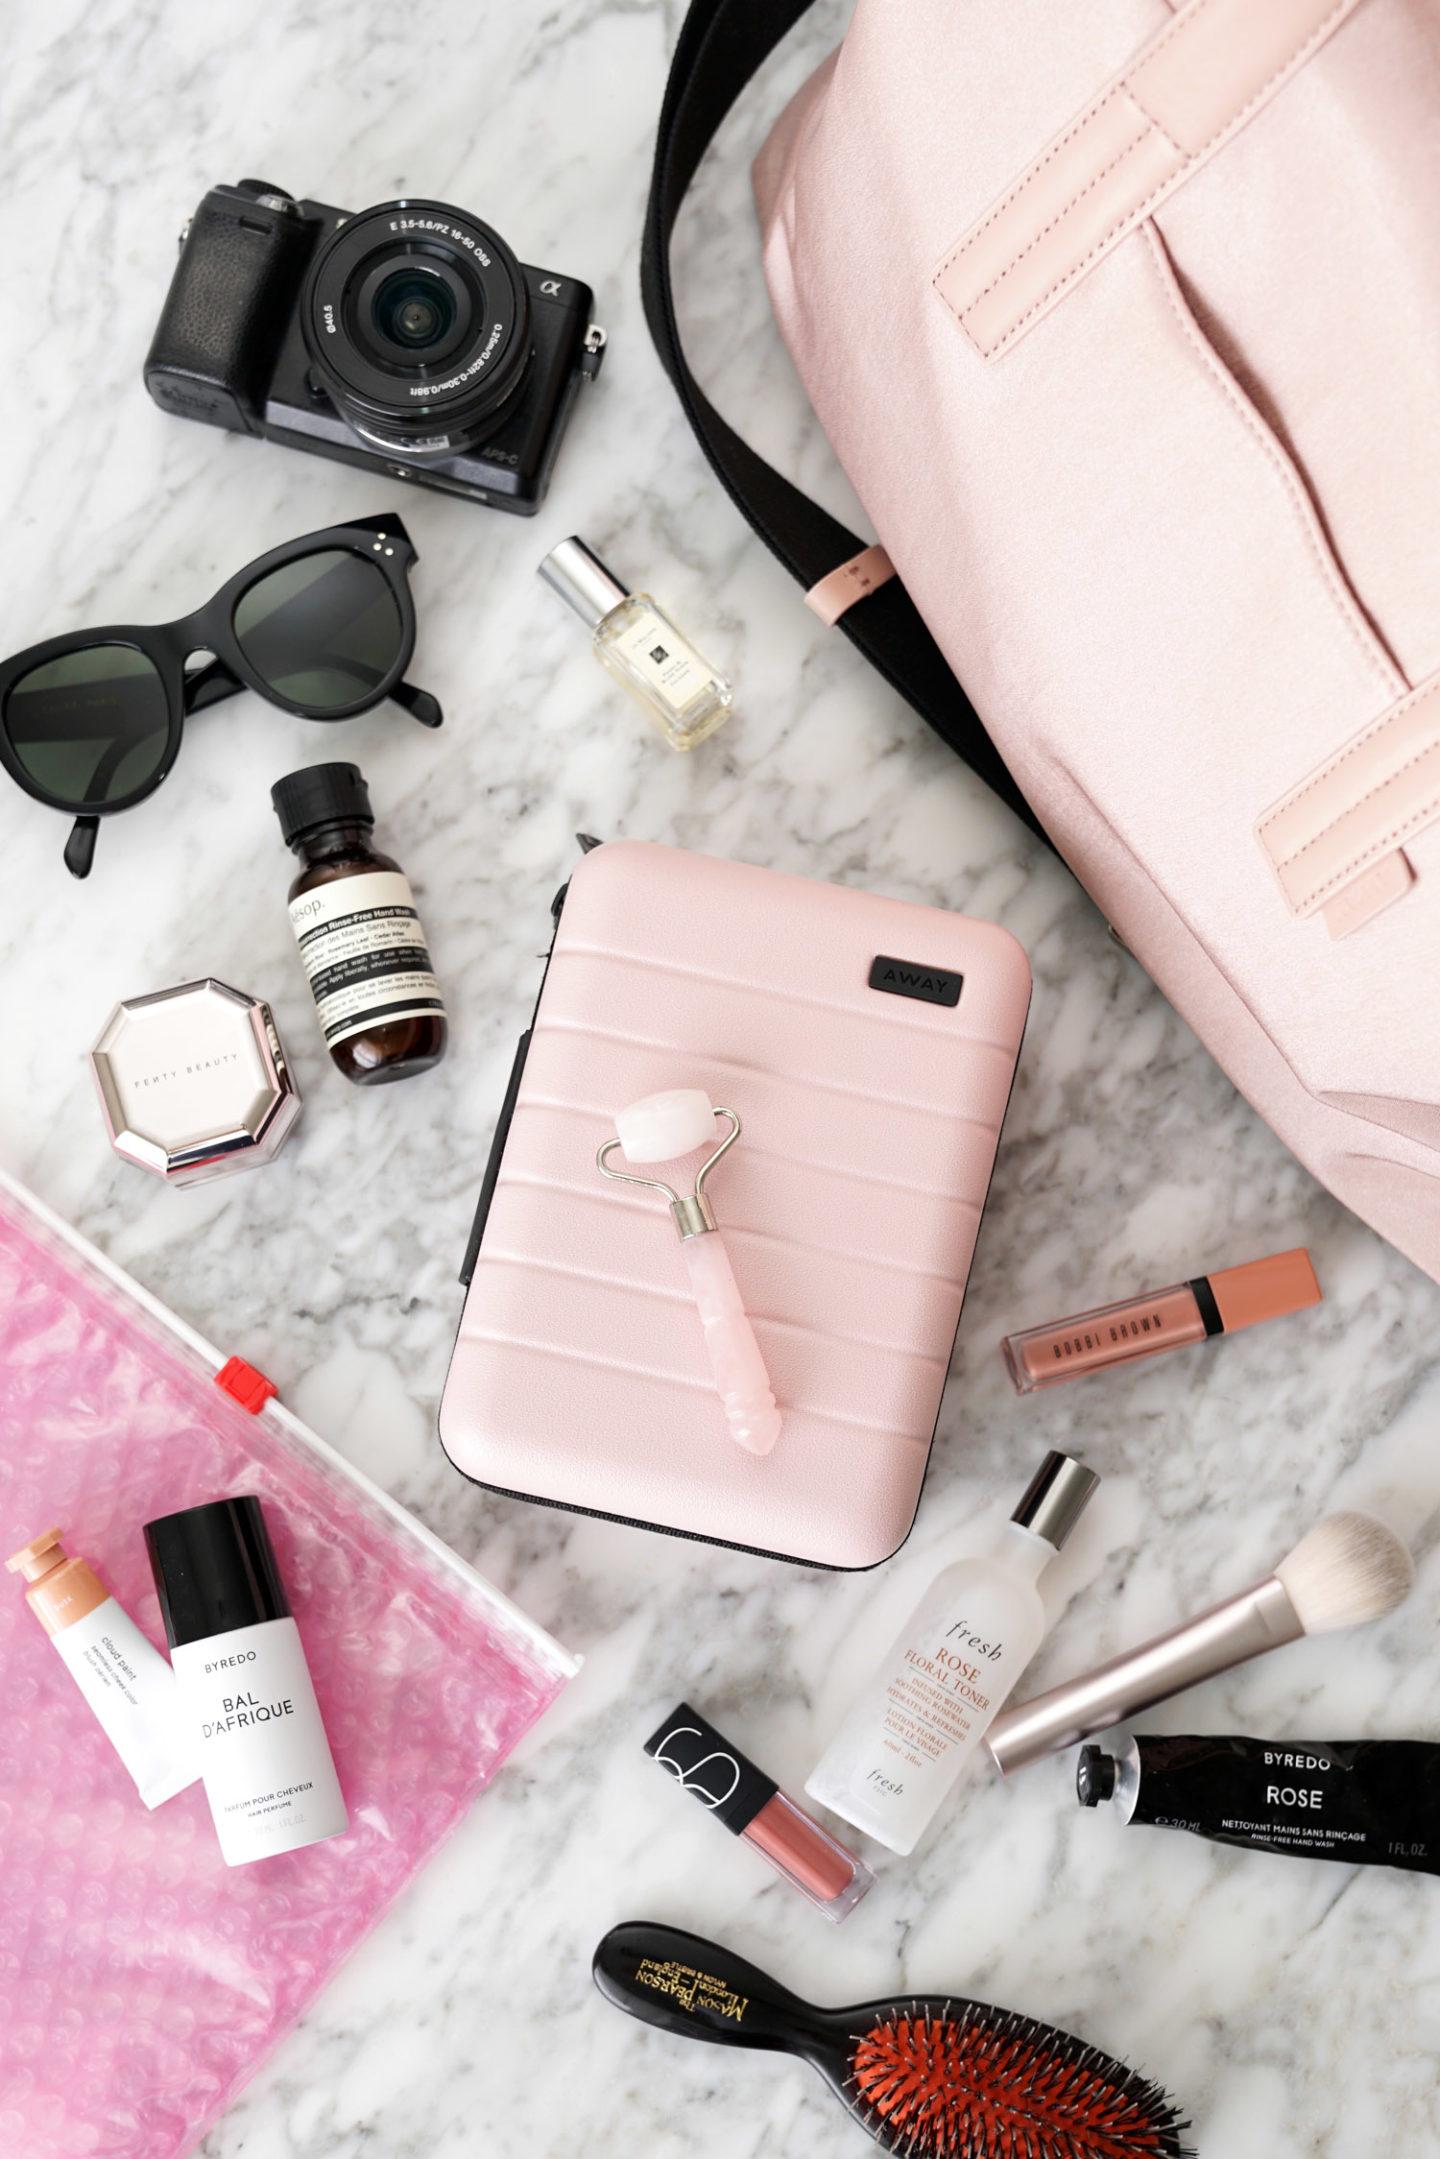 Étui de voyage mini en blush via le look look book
+ + + + +
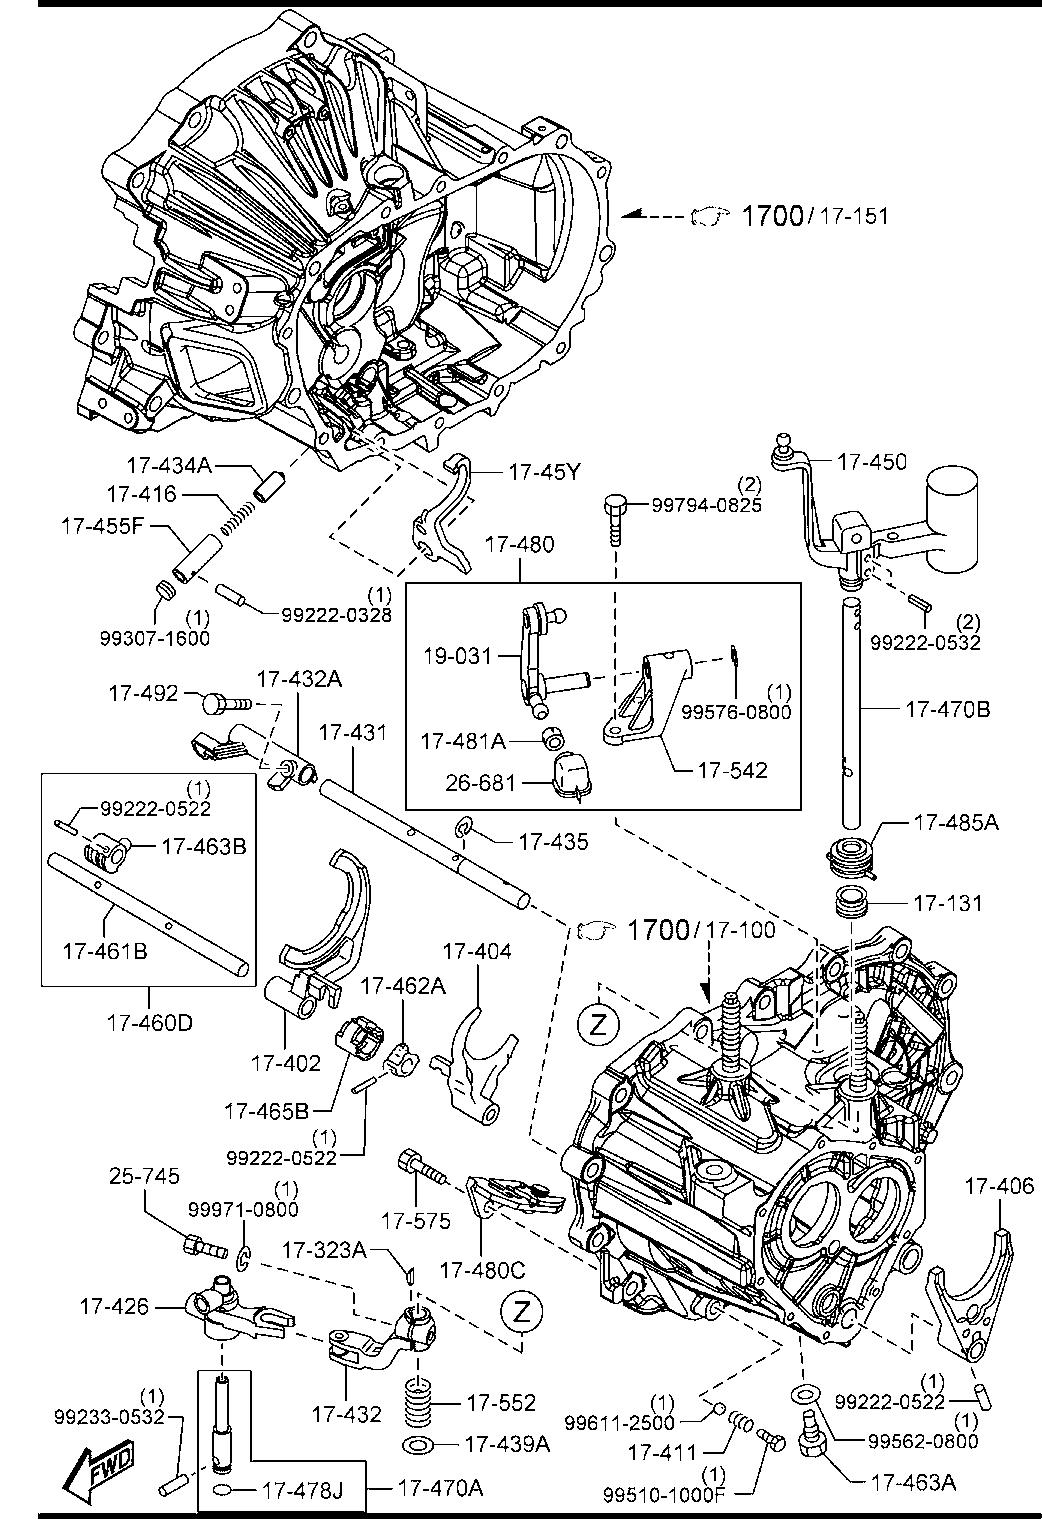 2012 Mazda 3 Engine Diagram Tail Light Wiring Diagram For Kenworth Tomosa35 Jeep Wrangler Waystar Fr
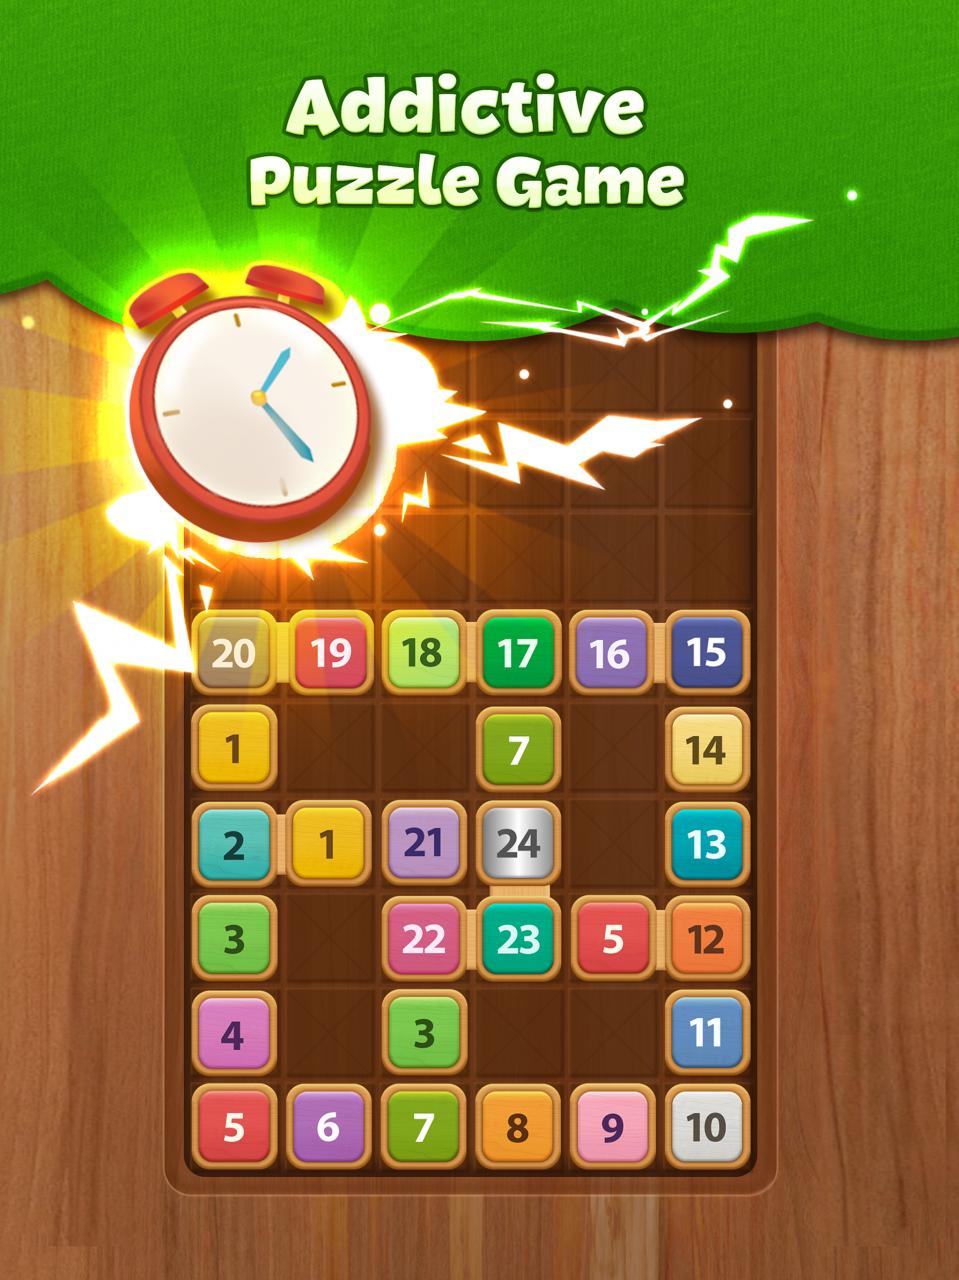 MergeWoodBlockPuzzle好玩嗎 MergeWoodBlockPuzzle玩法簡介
+ + + + +
## [EXERCISE DETAILS]
Transcribe, word for word, the stretch of lines in the data above from the one with "2012 Mazda 3" through the one with "MergeWoodBlockPuzzle好玩嗎 Merg"; omit all pictures.

## [THE ANSWER]
 2012 Mazda 3 Engine Diagram Tail Light Wiring Diagram For Kenworth Tomosa35 Jeep Wrangler Waystar Fr
 MergeWoodBlockPuzzle好玩嗎 MergeWoodBlockPuzzle玩法簡介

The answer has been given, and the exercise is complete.